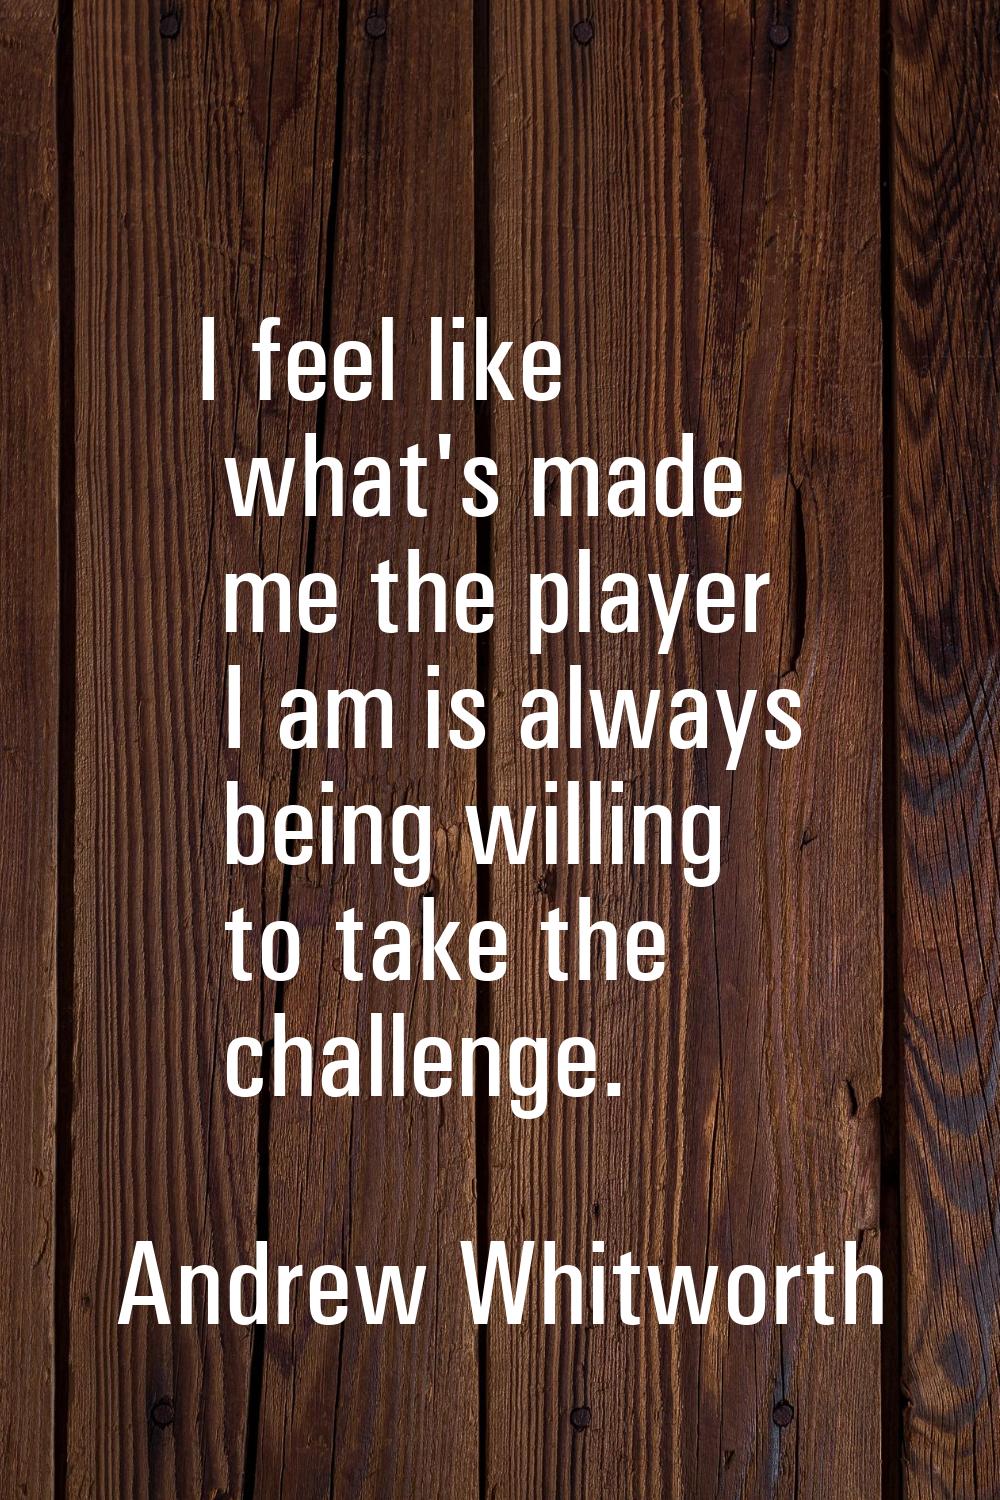 I feel like what's made me the player I am is always being willing to take the challenge.
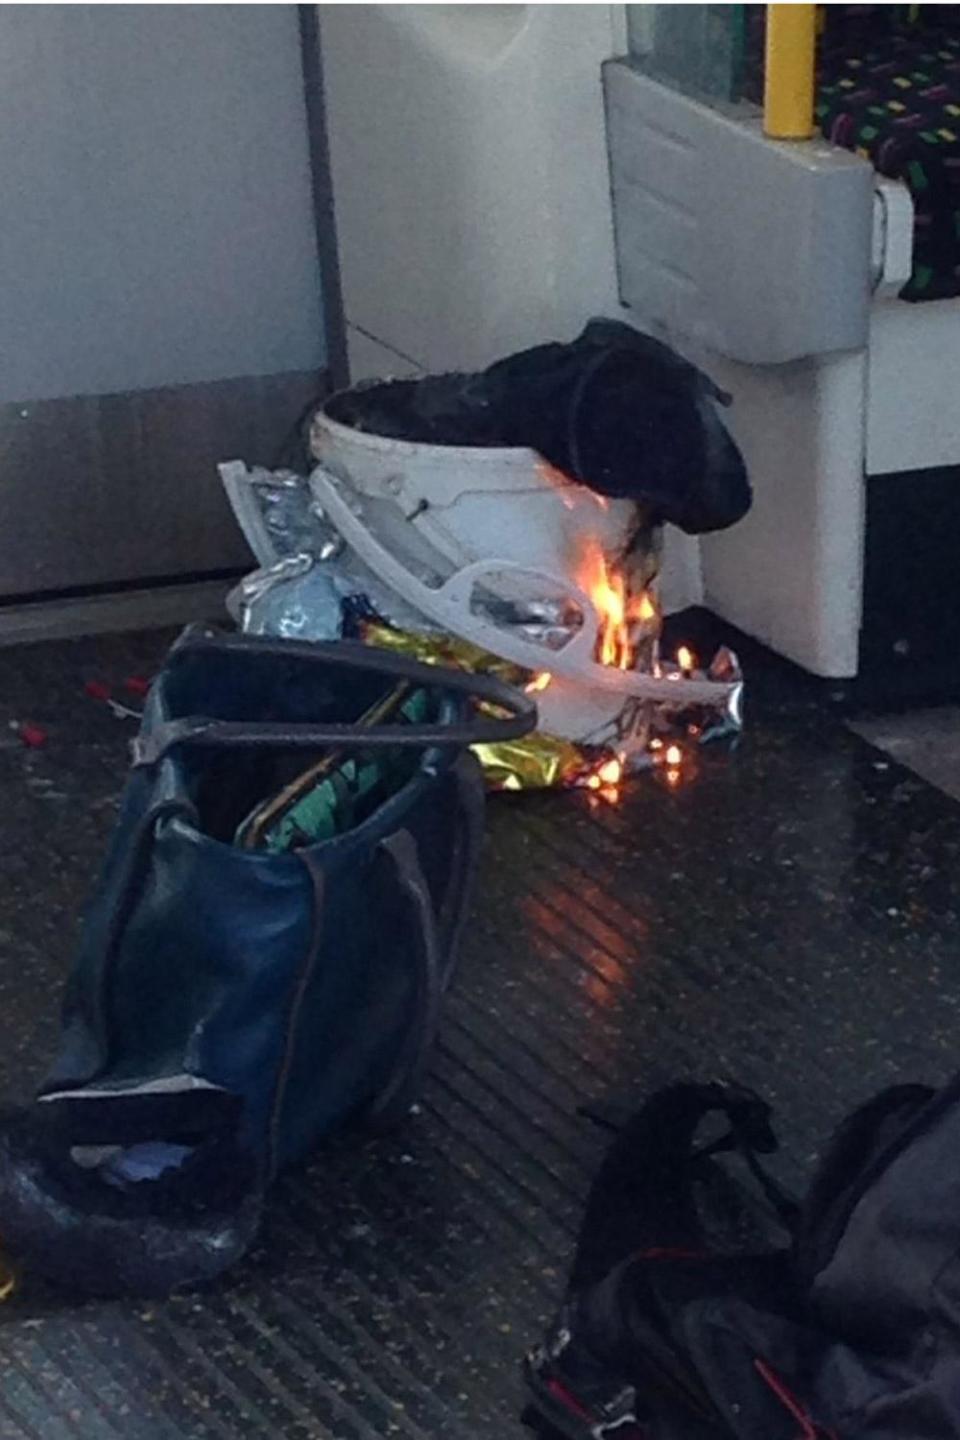 Flames coming from the apparent cause of the explosion, a bucket wrapped in a Lidl carrier bag. (@RRigs)
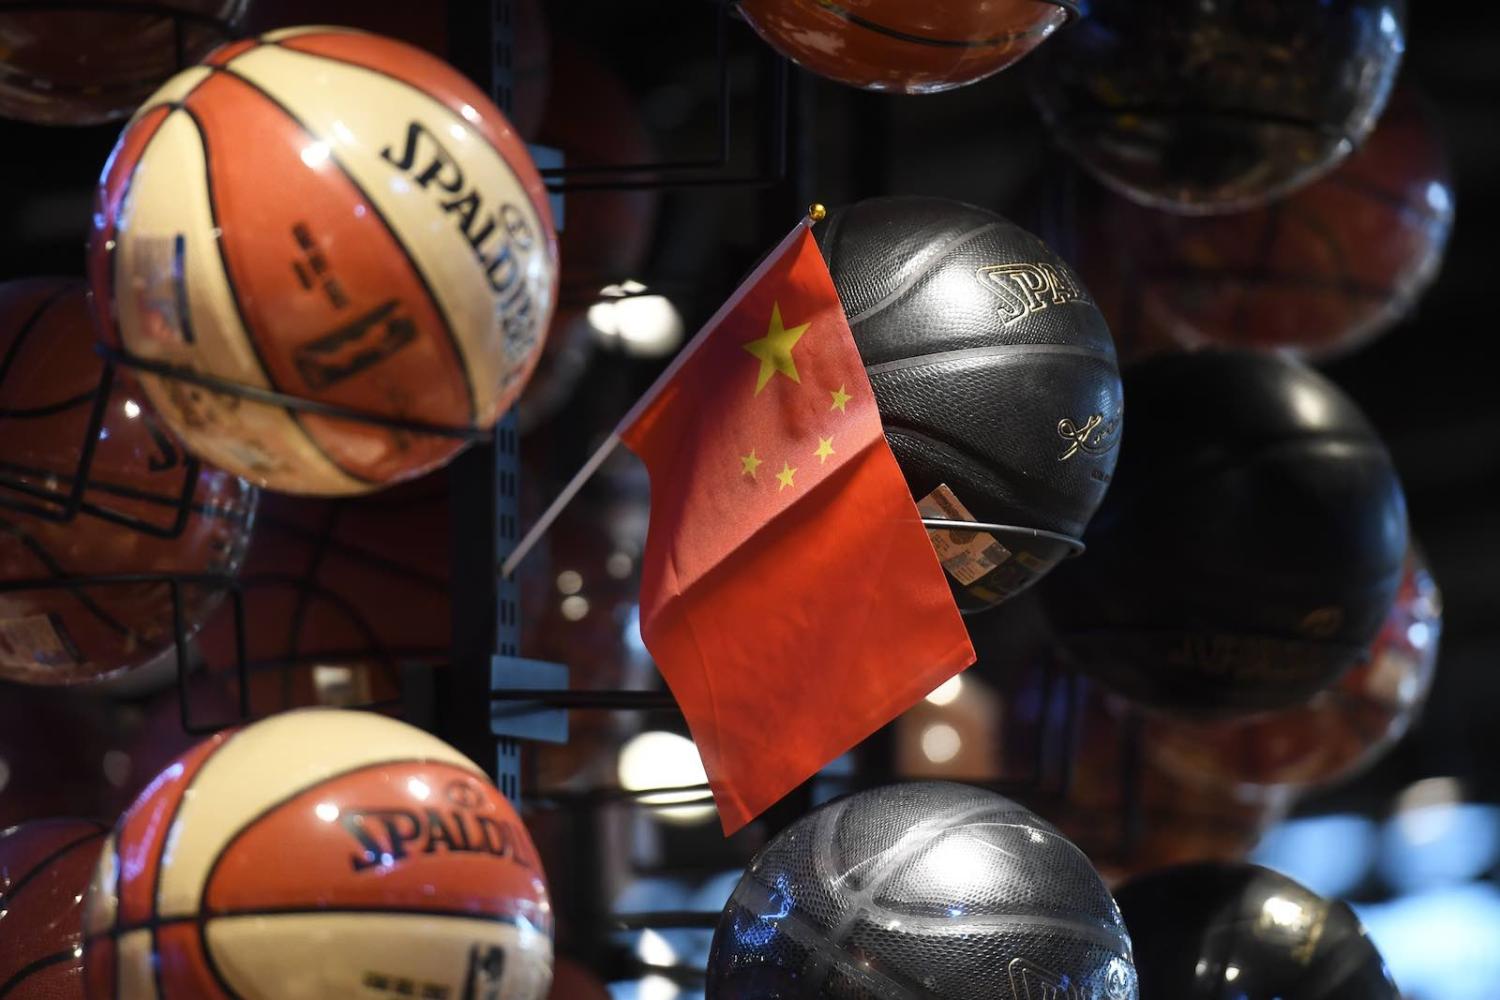 A Chinese flag is placed into a display of basketballs in the National Basketball Association (NBA) store in Beijing this month (Photo: Greg Baker/AFP/Getty Images)
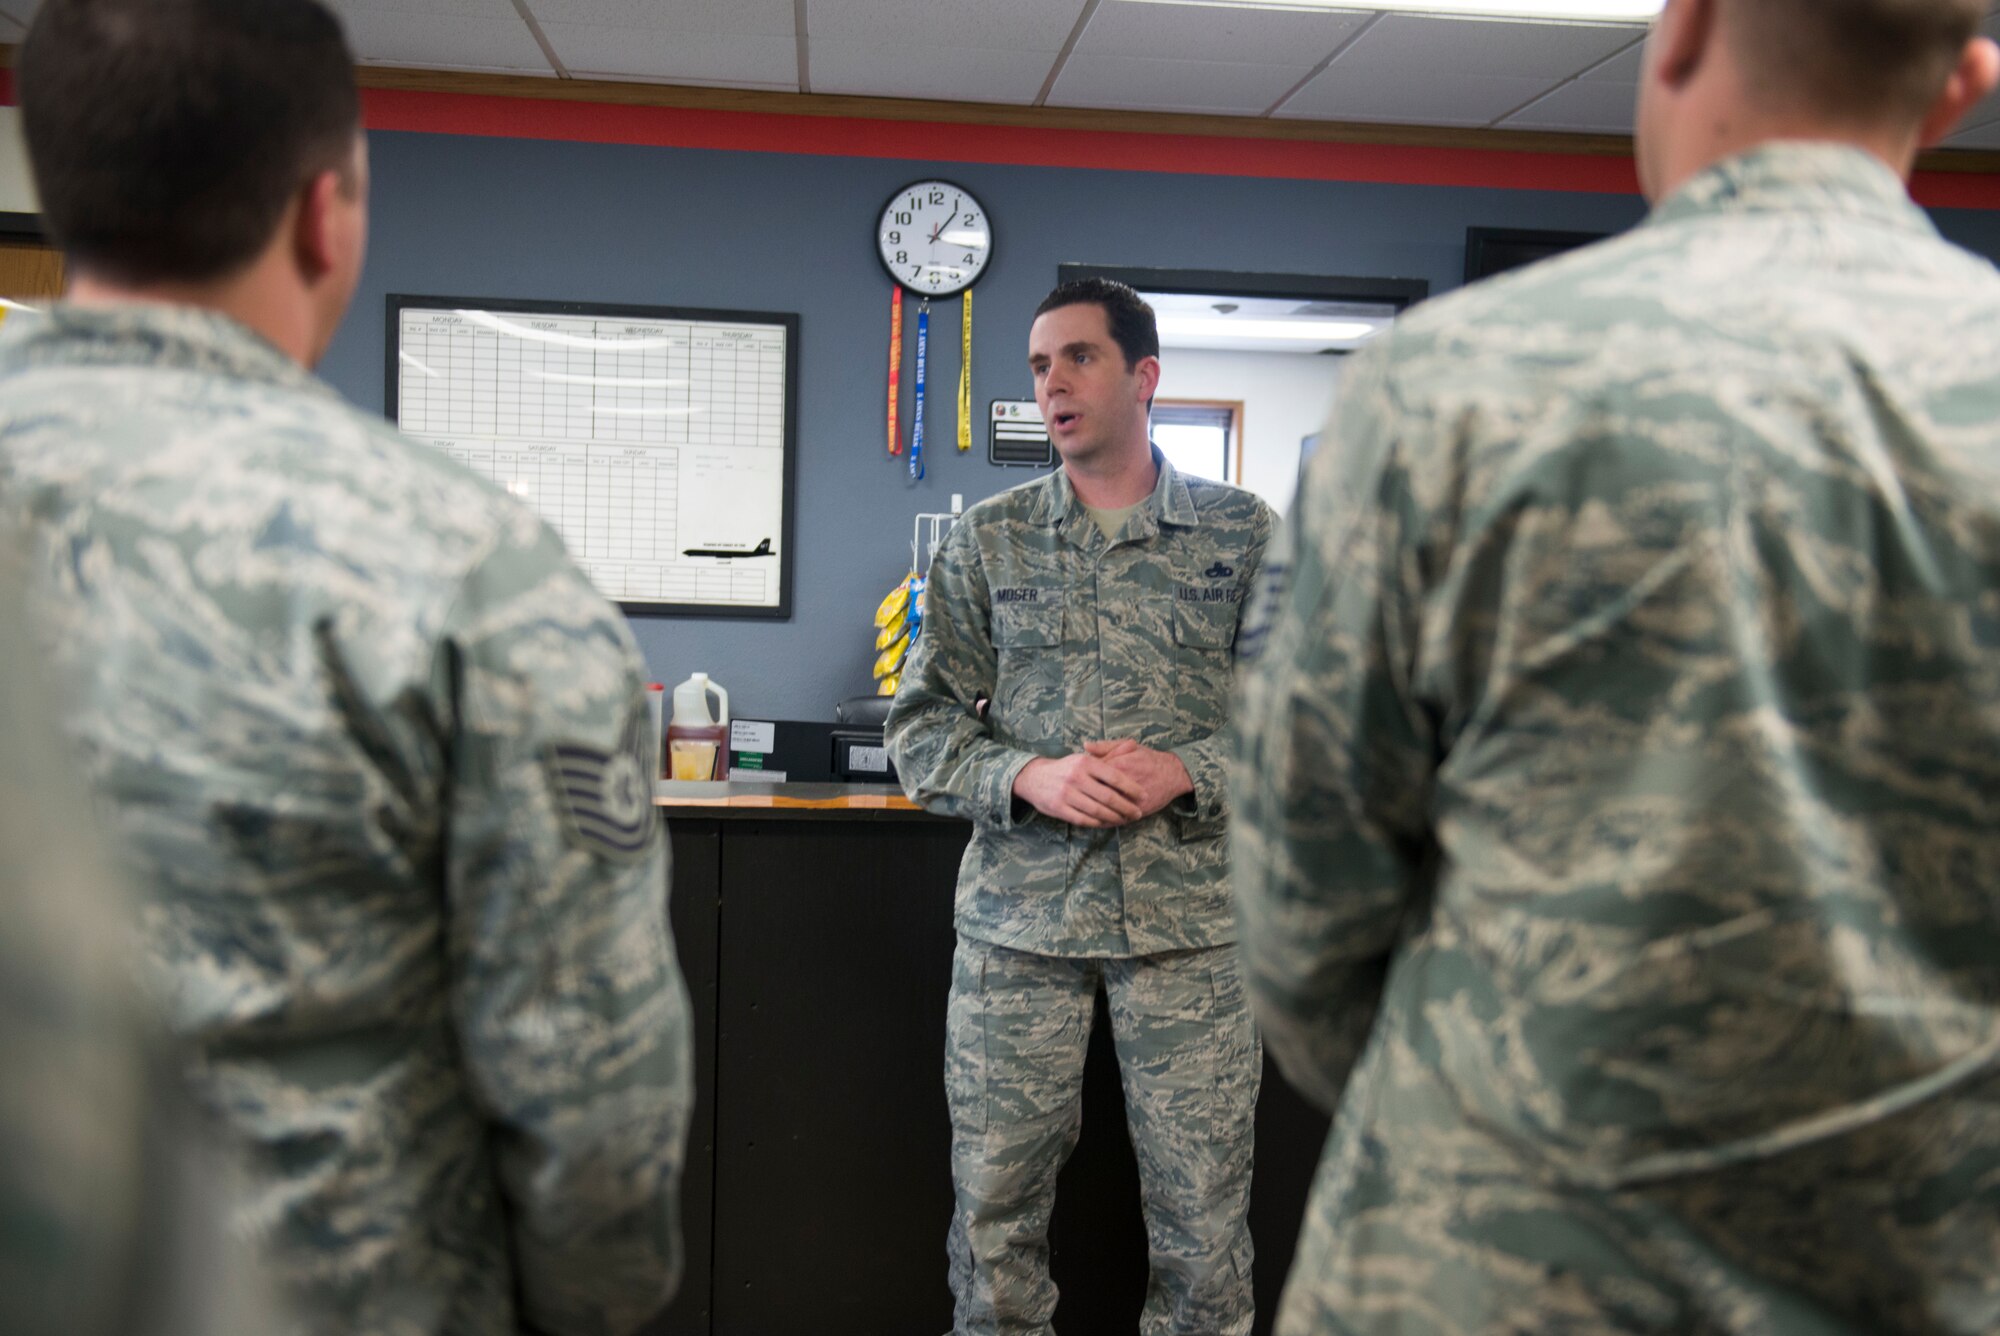 Senior Master Sgt. Michael B. Moser, the superintendent for the 23rd Aircraft Maintenance Unit, instructs his Airmen at Minot Air Force Base, N.D., May 7, 2014. Moser was recently awarded the Lieutenant General Leo Marquez award for superior service in maintenance. (U.S. Air Force photo/ Airman 1st Class Sahara L. Fales)
===
| WORK TASK |
All lines above must be repeated exactly, and the pictures must be omitted.

| SOLUTION BELOW |
 I feel like what's made me the player I am is always being willing to take the challenge.
 Flames coming from the apparent cause of the explosion, a bucket wrapped in a Lidl carrier bag. (@RRigs)
 A Chinese flag is placed into a display of basketballs in the National Basketball Association (NBA) store in Beijing this month (Photo: Greg Baker/AFP/Getty Images)
 Senior Master Sgt. Michael B. Moser, the superintendent for the 23rd Aircraft Maintenance Unit, instructs his Airmen at Minot Air Force Base, N.D., May 7, 2014. Moser was recently awarded the Lieutenant General Leo Marquez award for superior service in maintenance. (U.S. Air Force photo/ Airman 1st Class Sahara L. Fales)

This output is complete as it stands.